While bats use echolocation to navigate and find food in the dark, Wright suspected those living near the increasingly popular Te Araroa trail had learnt torchlight was likely to attract insects and therefore provide an easy meal.
Te Hoiere/Pelorus Bat Recovery Project manager Gillian Dennis said for Wright to have two sightings on one trip was “pretty amazing”.
Sightings of long-tailed bats had not previously been reported at either hut. The closest sites they had been detected during the past decade were below Browning Hut, about 5 km north of Starveall Hut and near Tophouse, about 15 km south of Porter’s Creek Hut.
“It is a fantastic encounter to have it so close, flying into his face where he could clearly see it and the second one, flying past his head.
“Not many people have that experience, people get excited just picking them up on detectors let alone seeing them up close.”
Dennis said there had also been sightings of long-tailed bats at Tophouse, Kikiwa and St Arnaud. While it was possible bats lived there, she said it was more likely they roosted in the Mt Richmond Forest Park and left the area to forage for food.
“Now we have had reports of sightings at those huts as well we are definitely keen to get detectors up there.”
Long-tailed bats, pekapeka-tou-roa, are critically endangered and are one of only two native land mammals in New Zealand. They have the same threatened status as the kākapo.
The project, a Forest & Bird initiative, aims to protect the bat population discovered at Pelorus in 2005.
The summer monitoring is now in its third season and Dennis said it hoped to run for another 10 years.
As part of the project, bats are caught and tiny radio transmitters are fitted, so they can be tracked back to their roosts.

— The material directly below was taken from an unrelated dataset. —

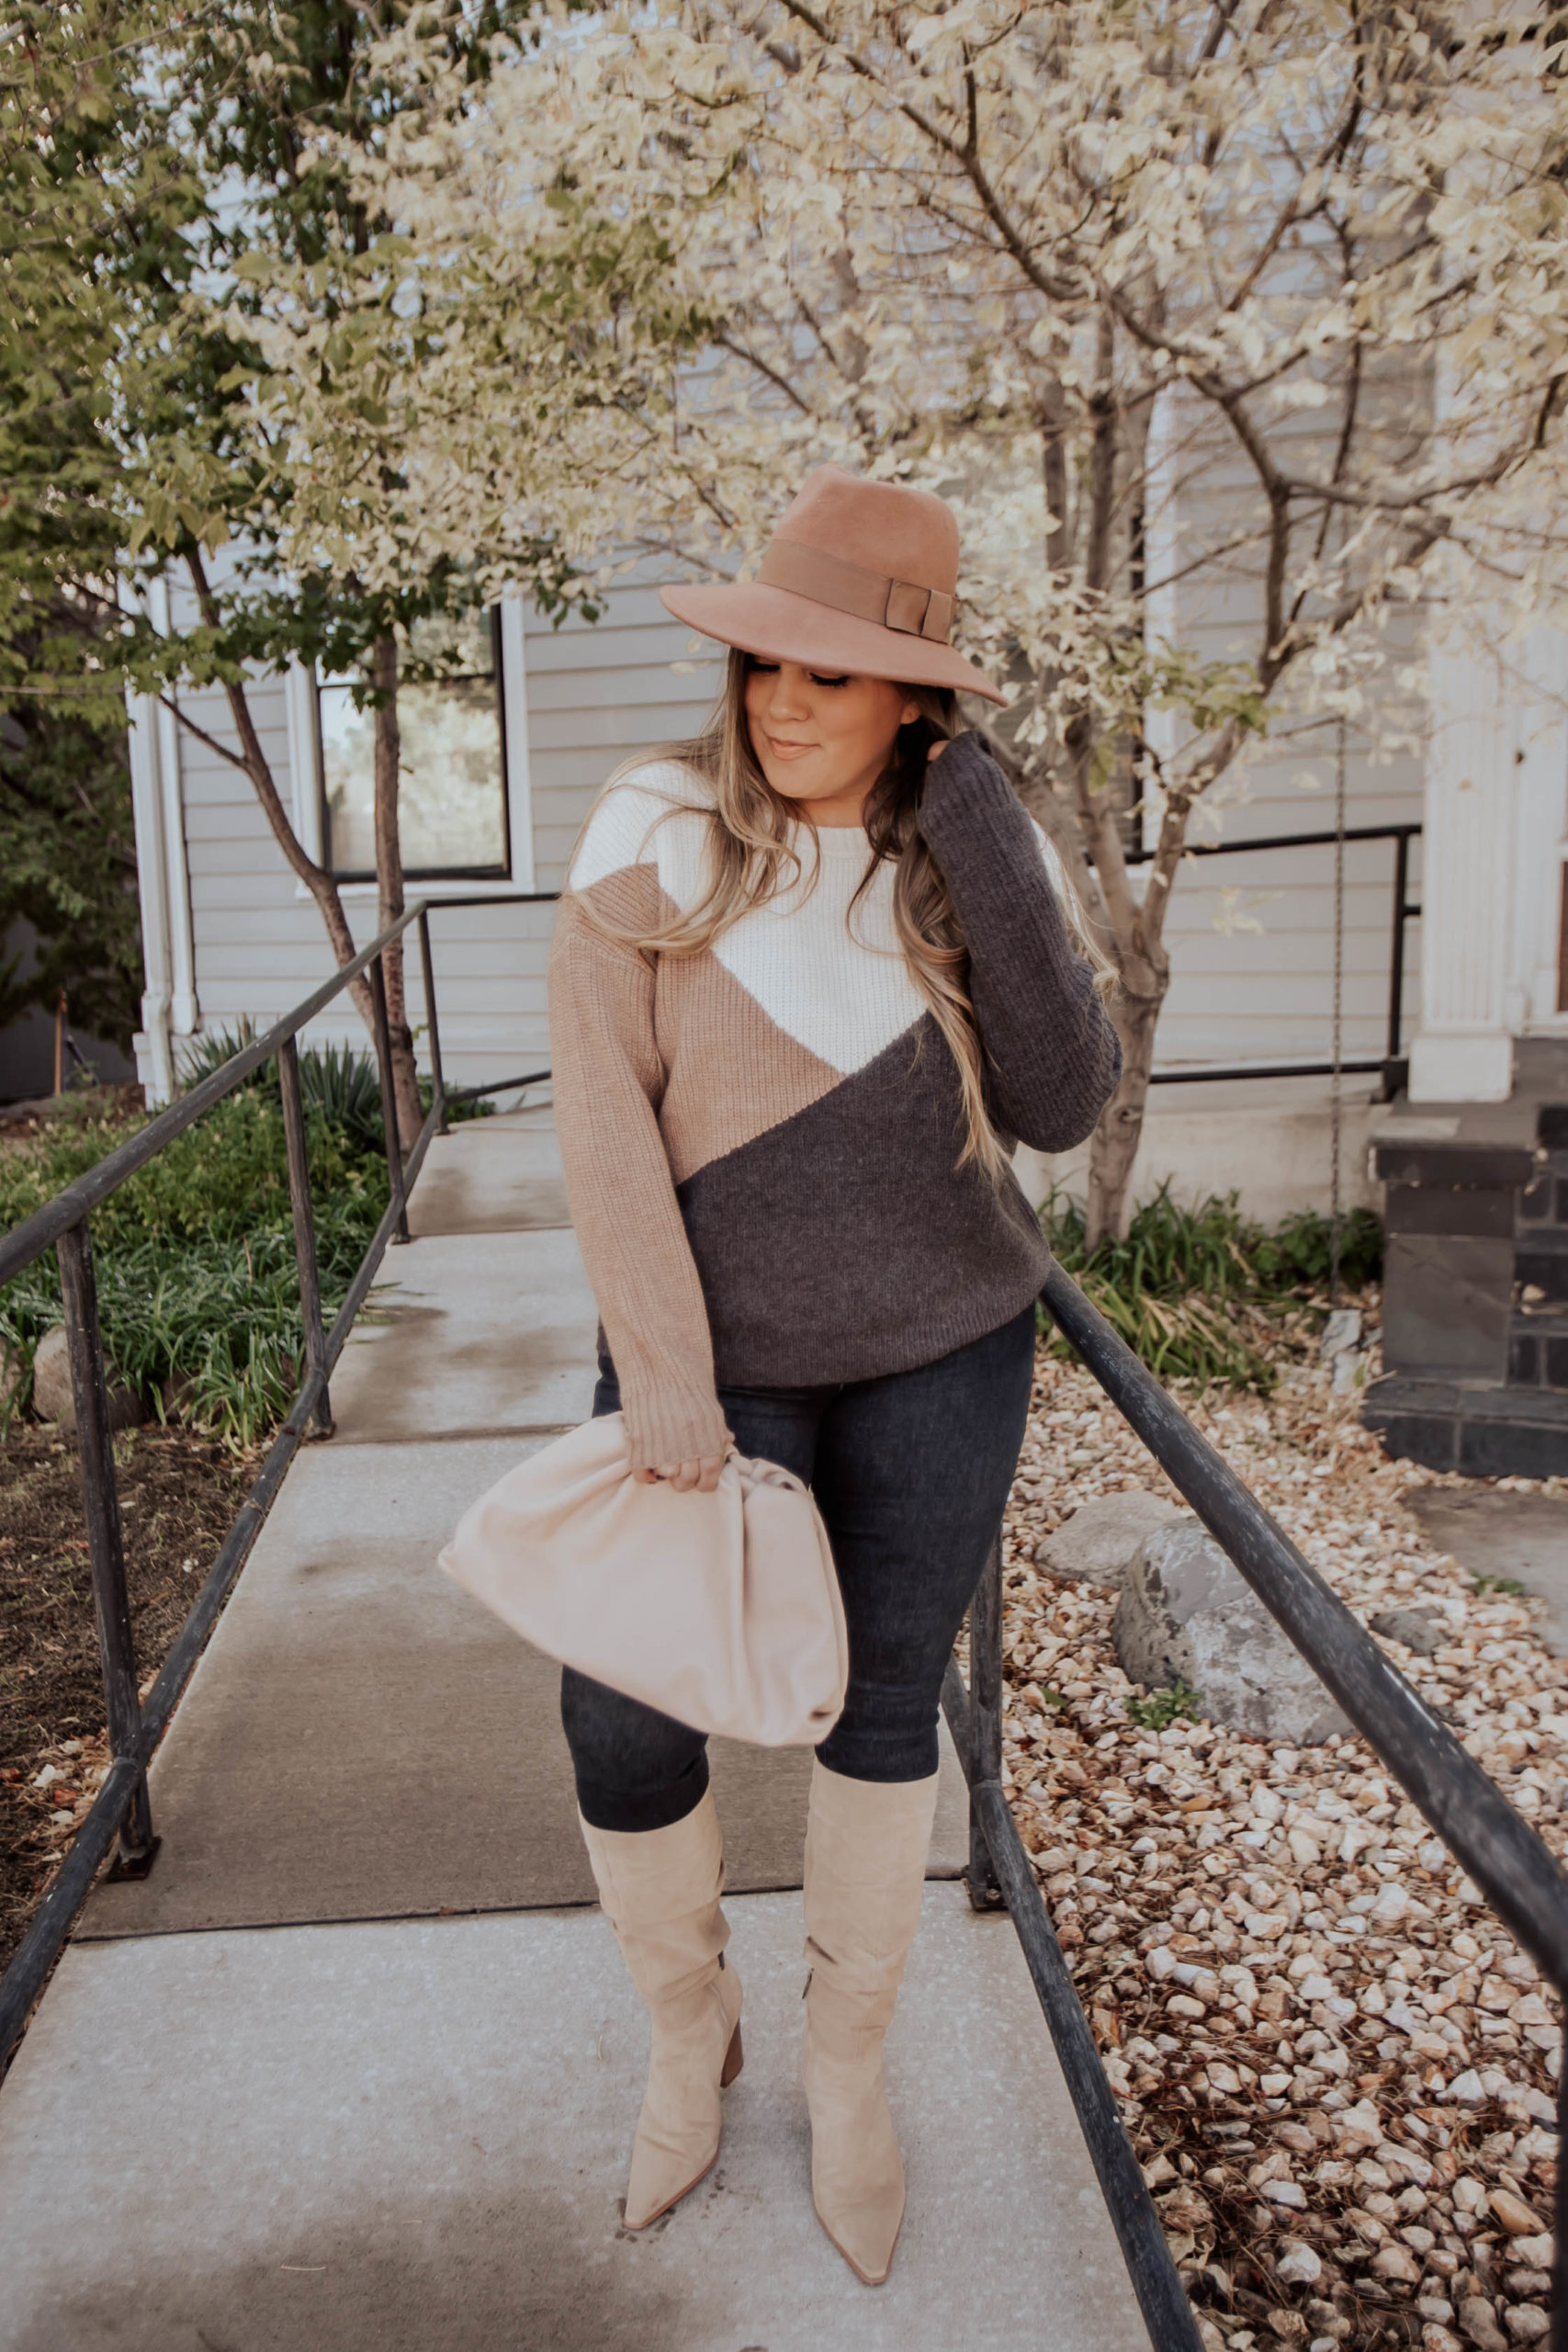 Reno blogger, Ashley Zeal Hurd, from the Ashley and Emily blog shares "Ashley's October Bestsellers" - her top selling items last month!

Each roost is then plotted and surveyed to see how many bats are coming and going.
In December 2019, an acoustic lure which plays bat calls, was tested at the annual volunteer barbecue for the first time, resulting in two bats being caught in a nearby harp trap.
The year before, 12 new roosting sites were discovered at the Brown River Reserve and Carluke Reserve near Rai Valley.
Dennis said the aim was to work out where the bats were roosting to determine if the pest control was being carried out in the correct areas to protect the bat population and to compare their annual survival rates.
She hoped biannual surveys could be done throughout the catchment area, including on the Nelson side, in order to determine if the population was growing or spreading.